Он поставил на стол пустой стакан.
— Сиди дома! Посмотрим, что будет дальше.
— Терпеть не могу ждать у моря погоды! Мне надо действовать. По-моему, я похудел на десять фунтов, пока подошёл к двери и нажал ручку, стараясь всем своим видом показать, как мне будет смешно, если Кремер туда пойдёт! Если бы не наши гости, я был бы этому даже рад — только для того, чтобы посмотреть, как вы тогда станете выкручиваться. Нет, мне непременно надо чем-то заняться!
— Тебе нечем заняться? — Вулф посмотрел на часы и пошёл к выходу. — Убери, пожалуйста, все эти папки.
На полдороге он снова обернулся.
— Меня тревожить в случае крайней необходимости. И не впускай больше в дом перемещенных лиц. Двоих вполне достаточно.
— Это вы их накормили… — начал я с чувством, но он уже ушёл.
Через минуту до меня долетел визг подъемника.
Я спрятал в шкаф папки, отнес на кухню остатки пива и лишь после этого отправился в переднюю комнату. Тина лежала на кушетке. При звуке моих шагов она встала и одернула юбку.
Я обратил внимание на её стройные ноги, но все же моя голова сейчас была занята совсем другим.
Карл, сидевший на стуле у её изголовья, тоже вскочил и задал мне глазами тысячу вопросов.
Я ворчливо сказал:
— Полностью согласен с Вулфом, вас двоих вполне достаточно.
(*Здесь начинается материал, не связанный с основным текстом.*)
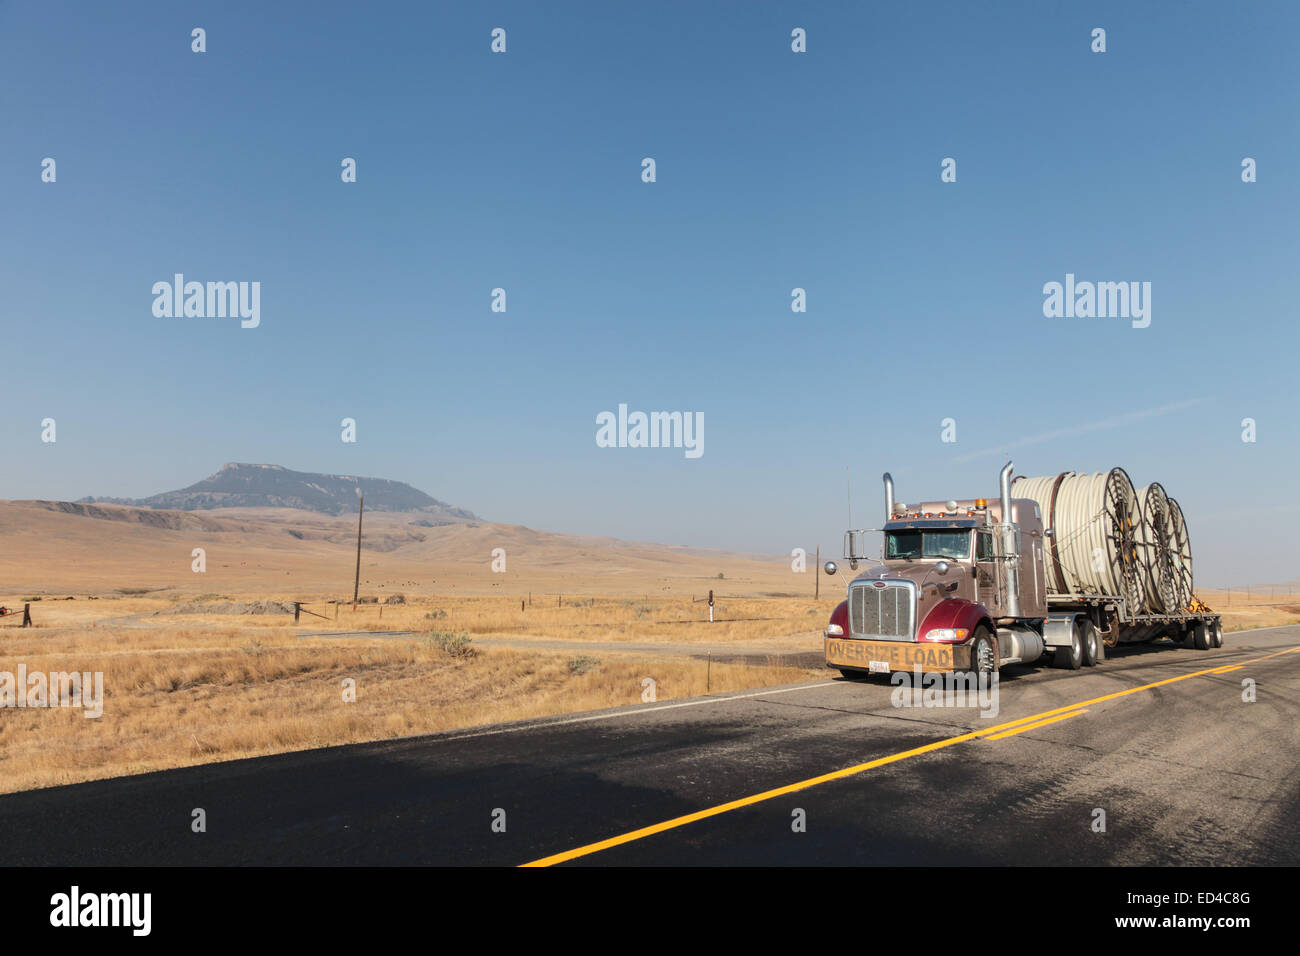 Un Américain Peterbilt 379 camion semi bobines de tuyau en plastique HDPE sur une remorque à plateau pour l'industrie pétrolière et dans les sites de fracturation USA Banque D'Images

Надеюсь, вы не подходили к окнам?
— Мы уже давно научились держаться от окон подальше, — невесело произнес Карл. — Но нам хотелось бы уйти отсюда. Мы охотно заплатим пятьдесят долларов.
— Пока вам не уйти. — Я с трудом сдержал раздражение. — У нас только что был инспектор Кремер, очень важная фигура в полиции. Мы сказали ему, что вы находитесь в этой комнате, так что…
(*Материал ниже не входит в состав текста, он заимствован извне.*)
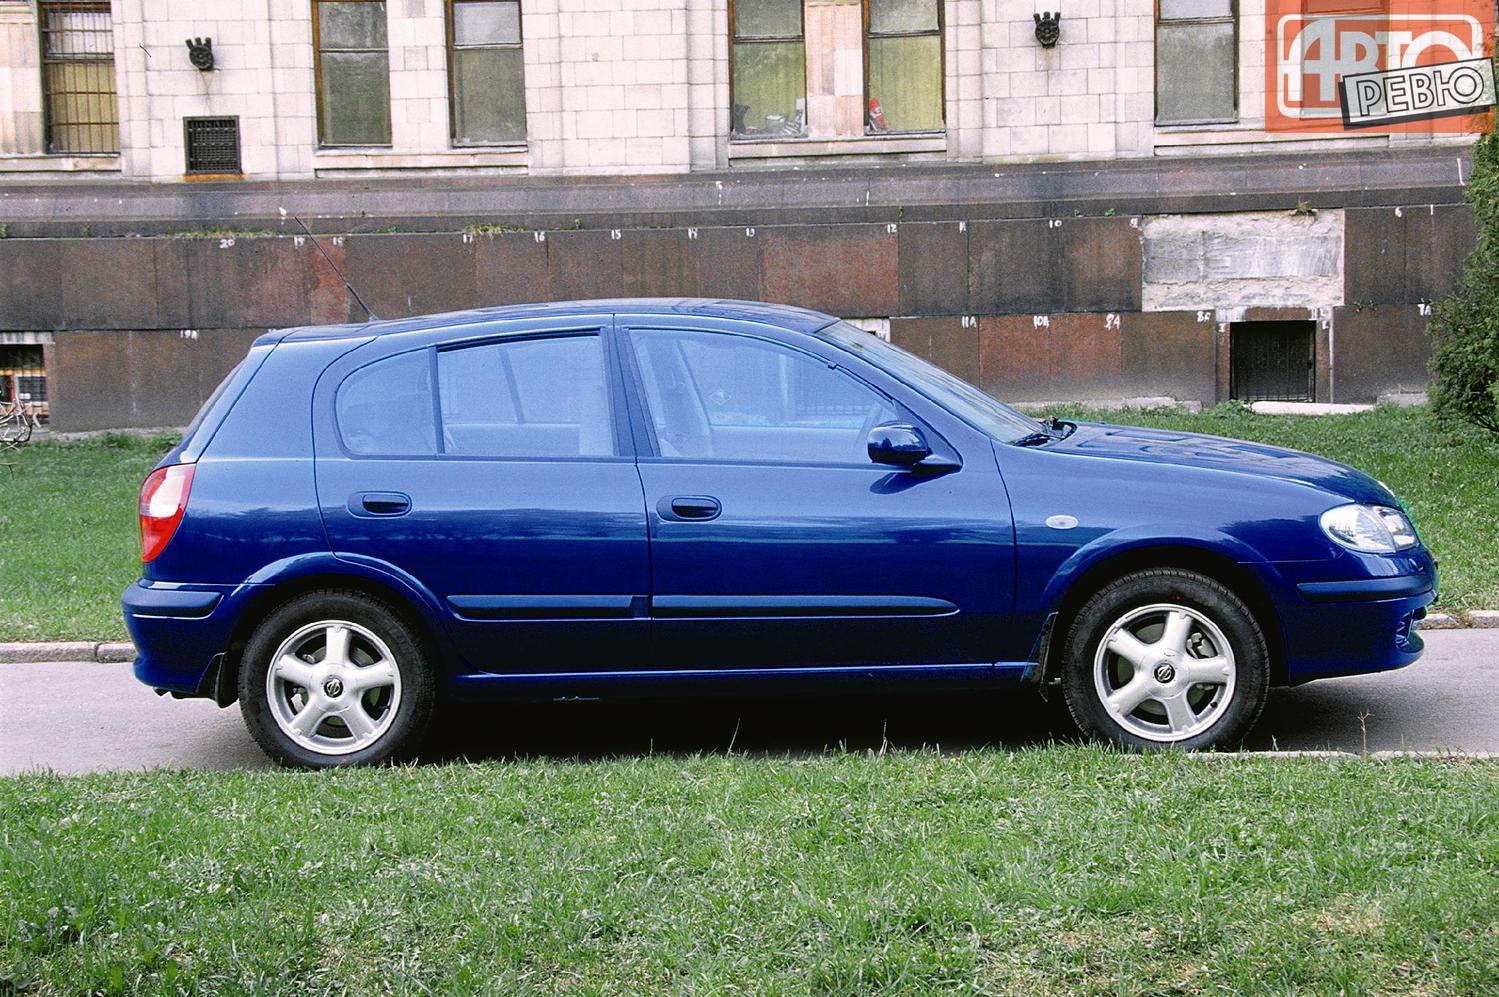 хэтчбек 5 дв. Nissan Almera 2000 - 2003г выпуска модификация 1.8 MT (114 л.с.)

— Вы ему сказали? — ахнула Тина.
— Да. Метод Гитлера вывернутый наизнанку. Он говорил самую бесстыдную ложь, выдавая её за правду, а мы сказали самую обыкновенную правду, чтобы её приняли за ложь. И все у нас, как видите, получилось. Вы были на волосок от гибели. Господи, у меня все сжалось внутри, но фокус удался.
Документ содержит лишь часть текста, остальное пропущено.